— Records provided —
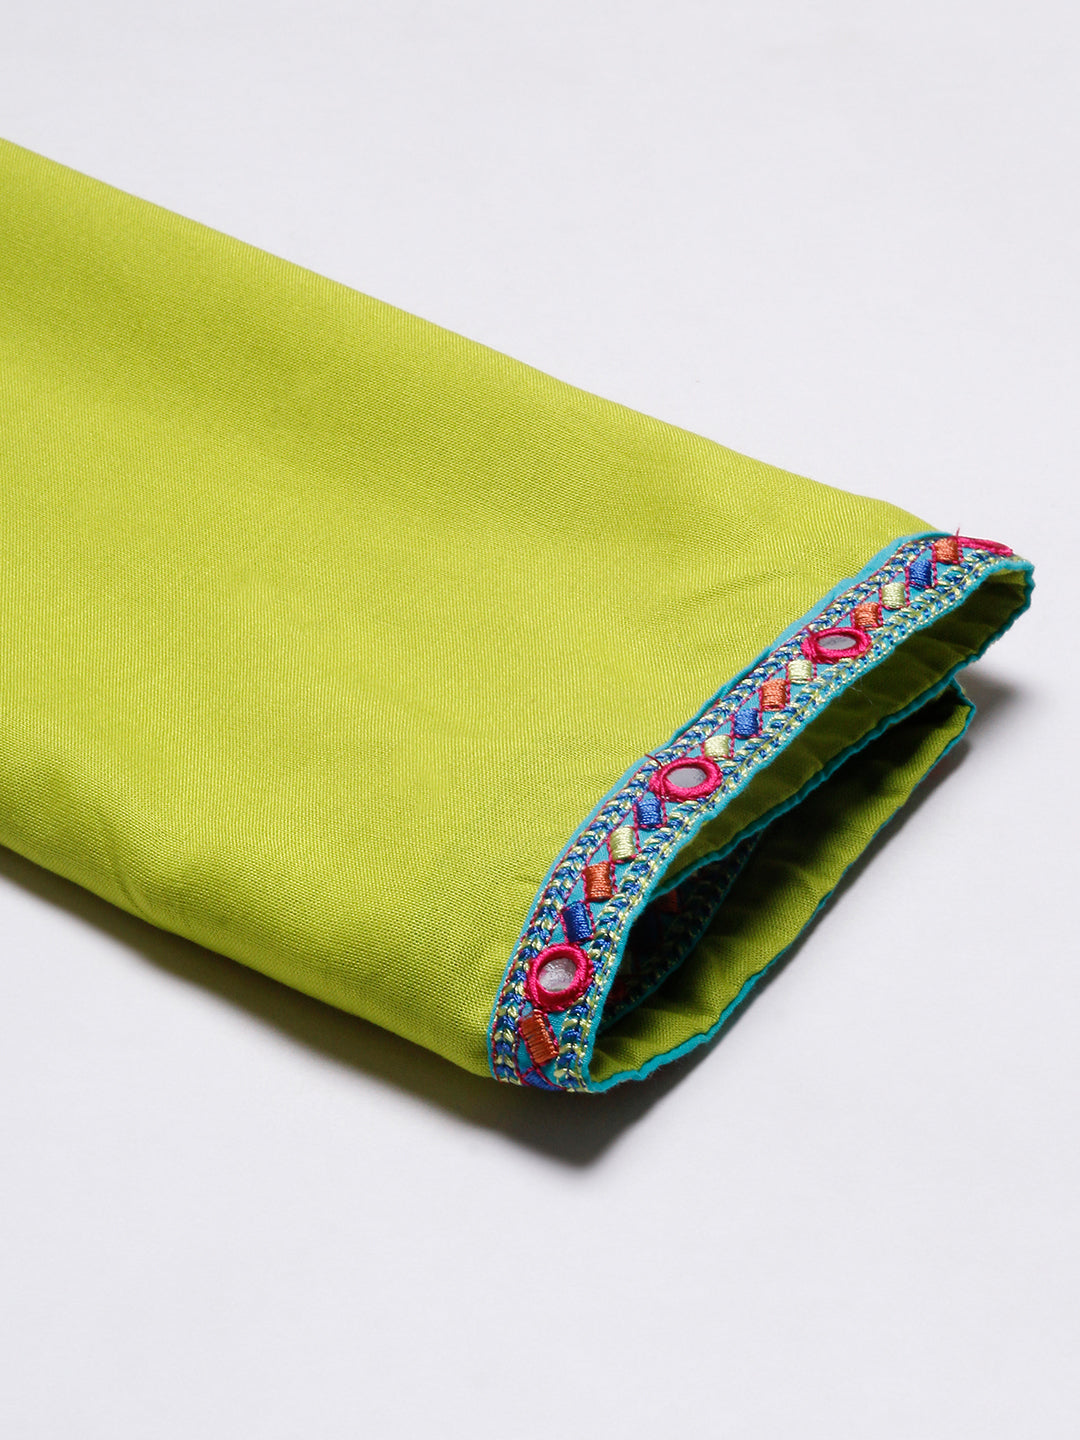 Solid Mirror & Resham Embroidered Empire Kurta With Sharara & Dupatta - Lime Green
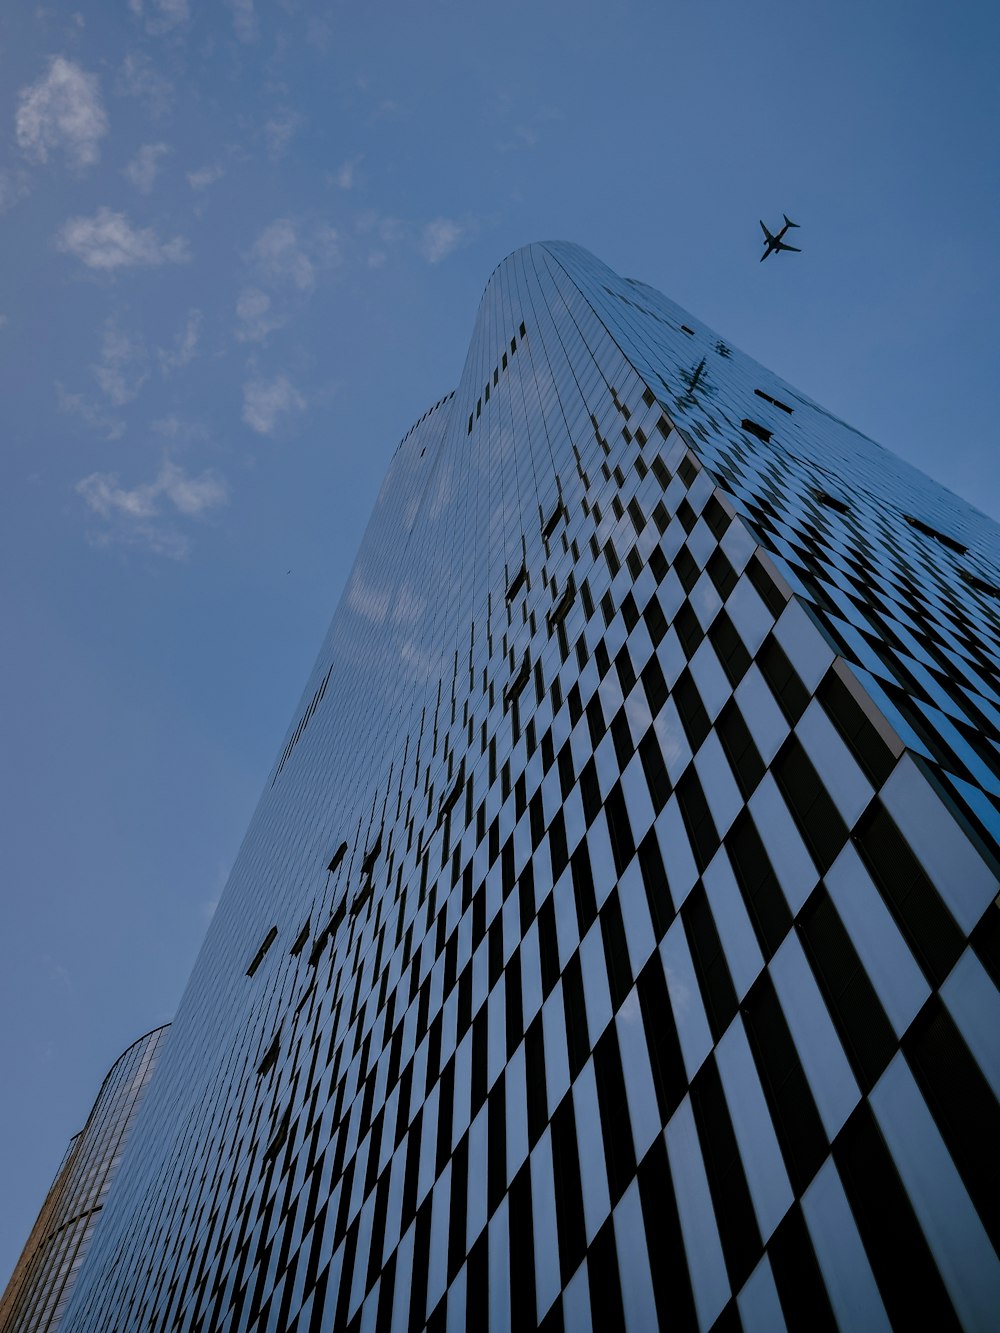 Un aereo che sorvola un edificio alto con un design a scacchiera
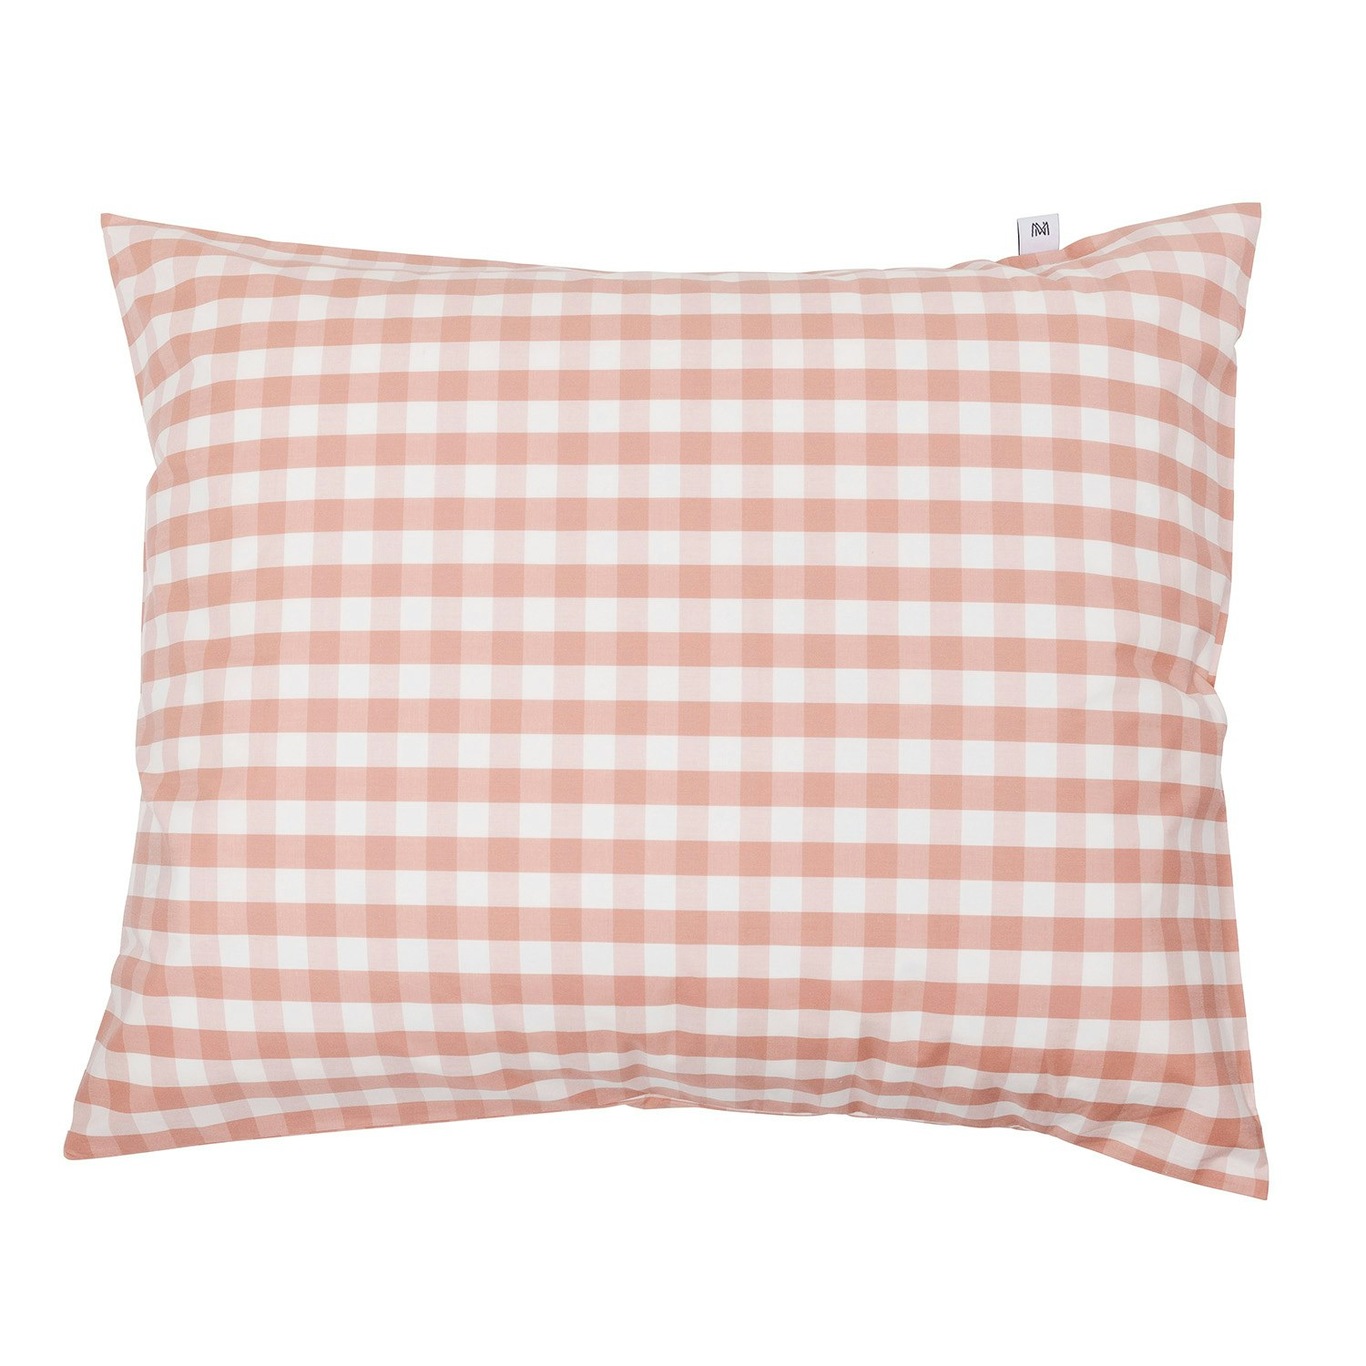 Casella Pillowcase 60x80 cm, Pink/Ivory
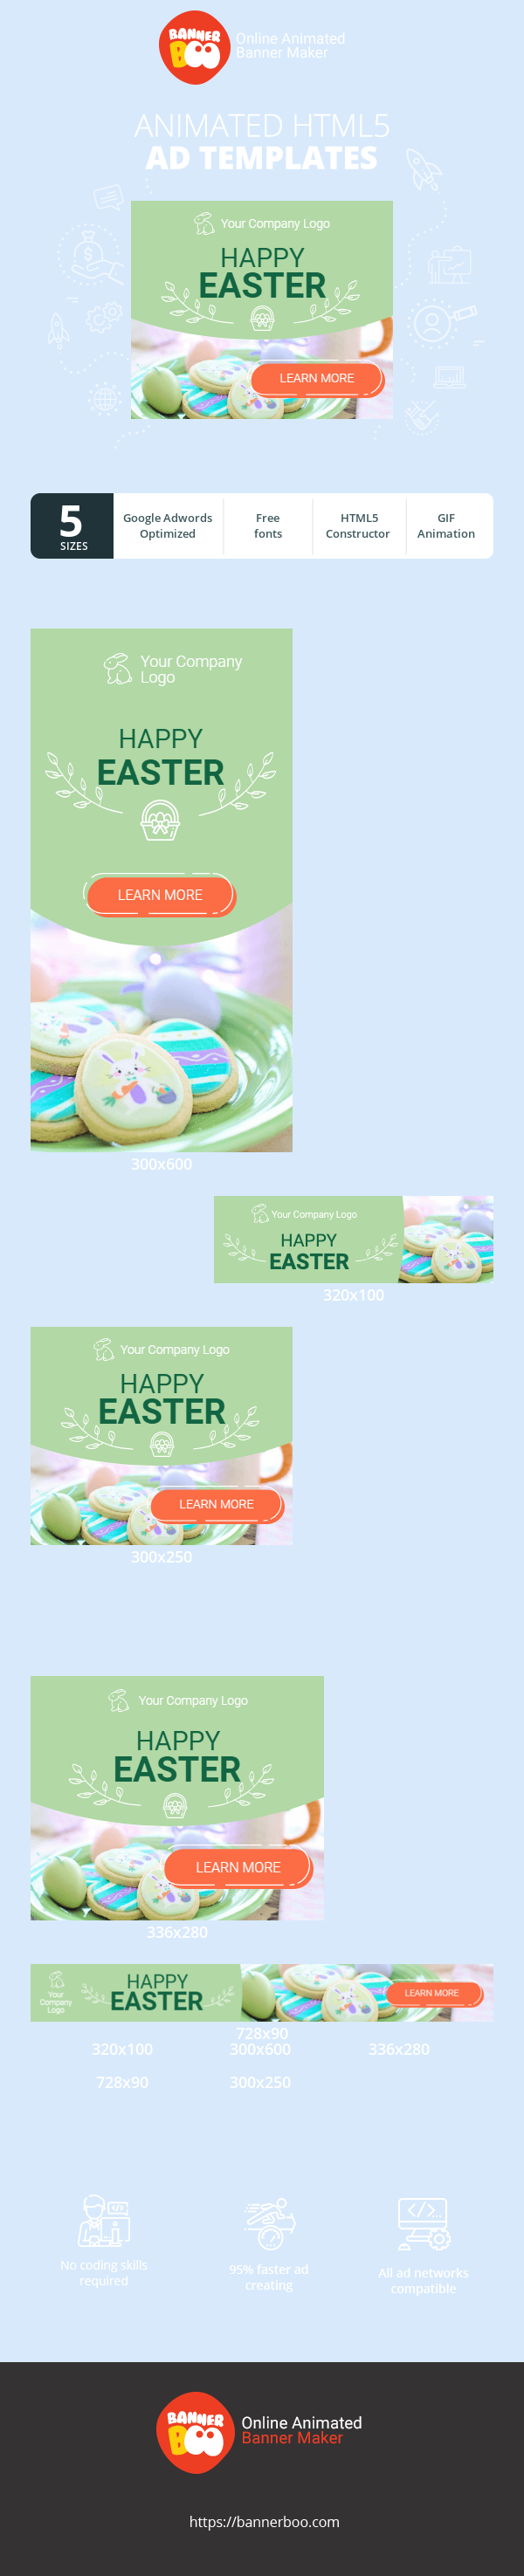 Szablon reklamy banerowej — Happy Easter!
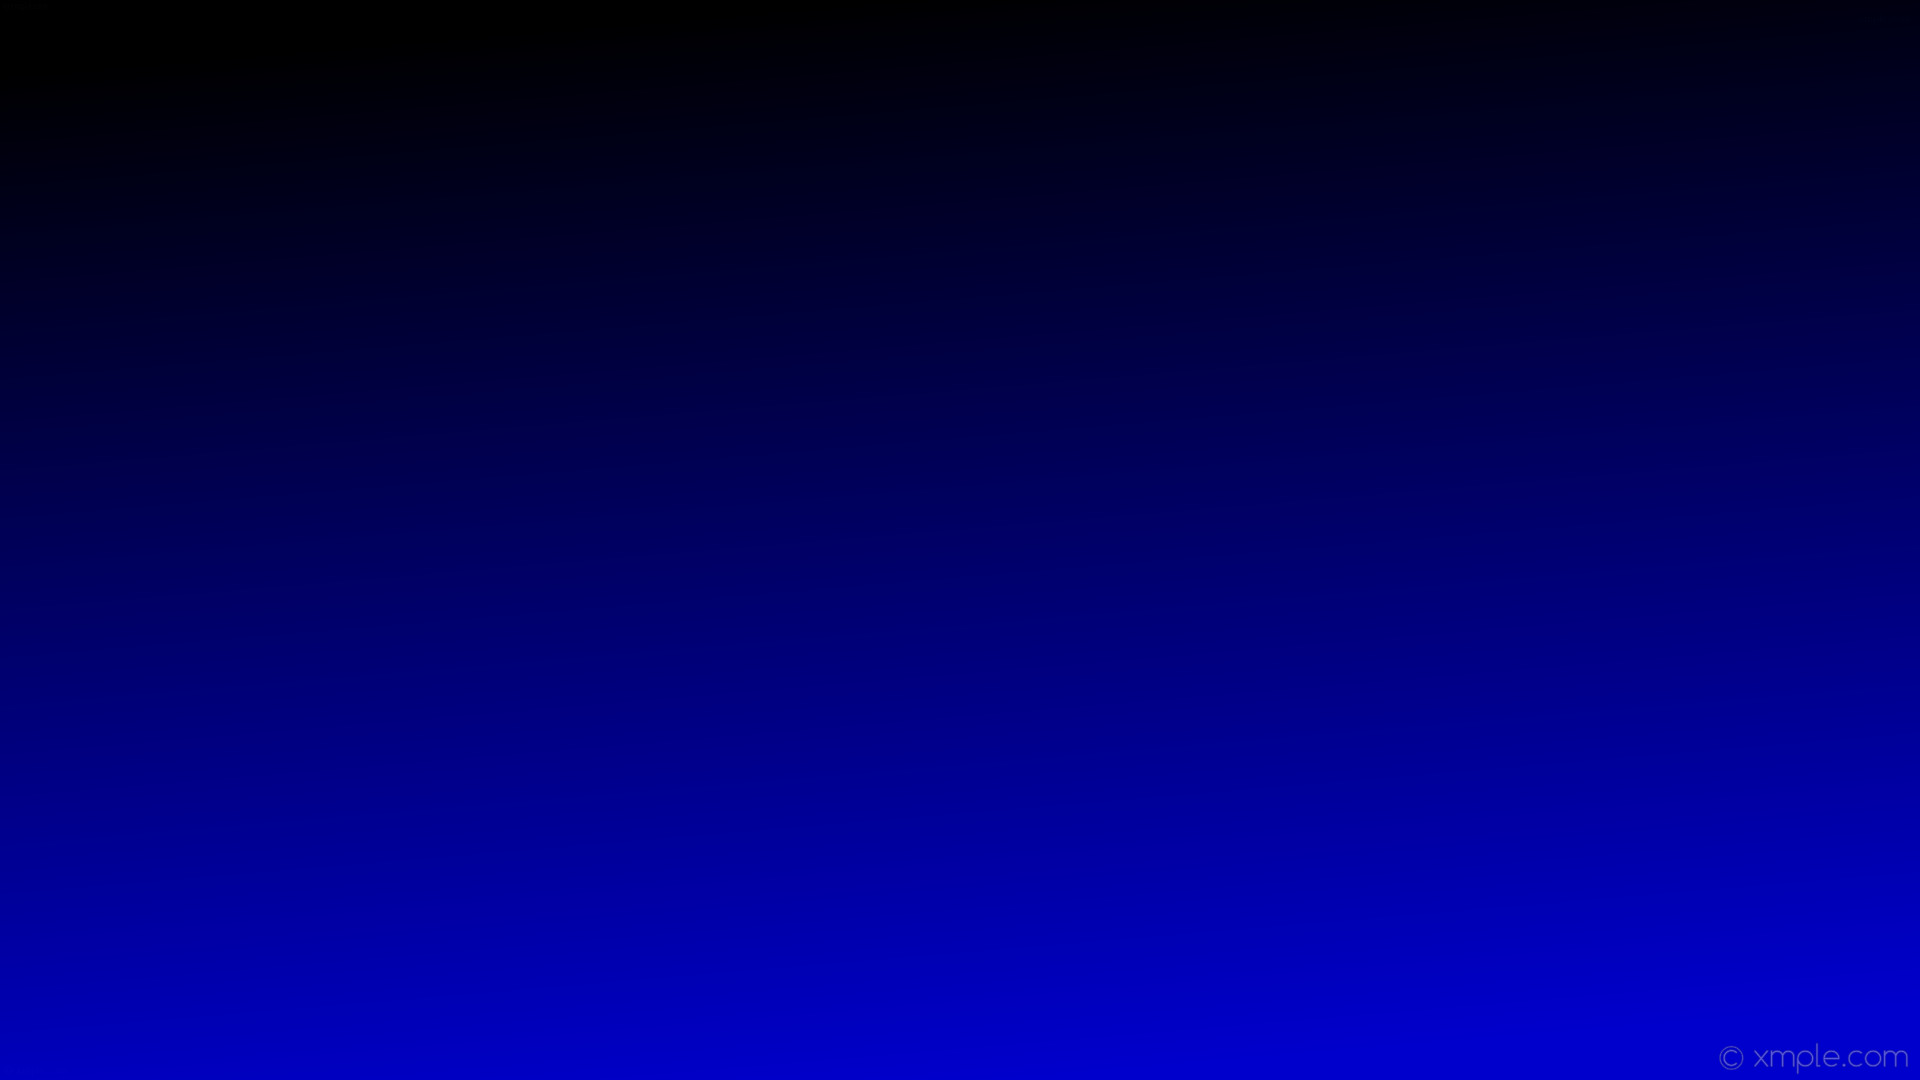 1920x1080 wallpaper black blue gradient linear medium blue #000000 #0000cd 105Â°

— Activity —
Go through the records above and write out every line exactly, passing over the pictures.

— Solution —
 Solid Mirror & Resham Embroidered Empire Kurta With Sharara & Dupatta - Lime Green
 Un aereo che sorvola un edificio alto con un design a scacchiera
 Casella Pillowcase 60x80 cm, Pink/Ivory
 Szablon reklamy banerowej — Happy Easter!
 1920x1080 wallpaper black blue gradient linear medium blue #000000 #0000cd 105Â°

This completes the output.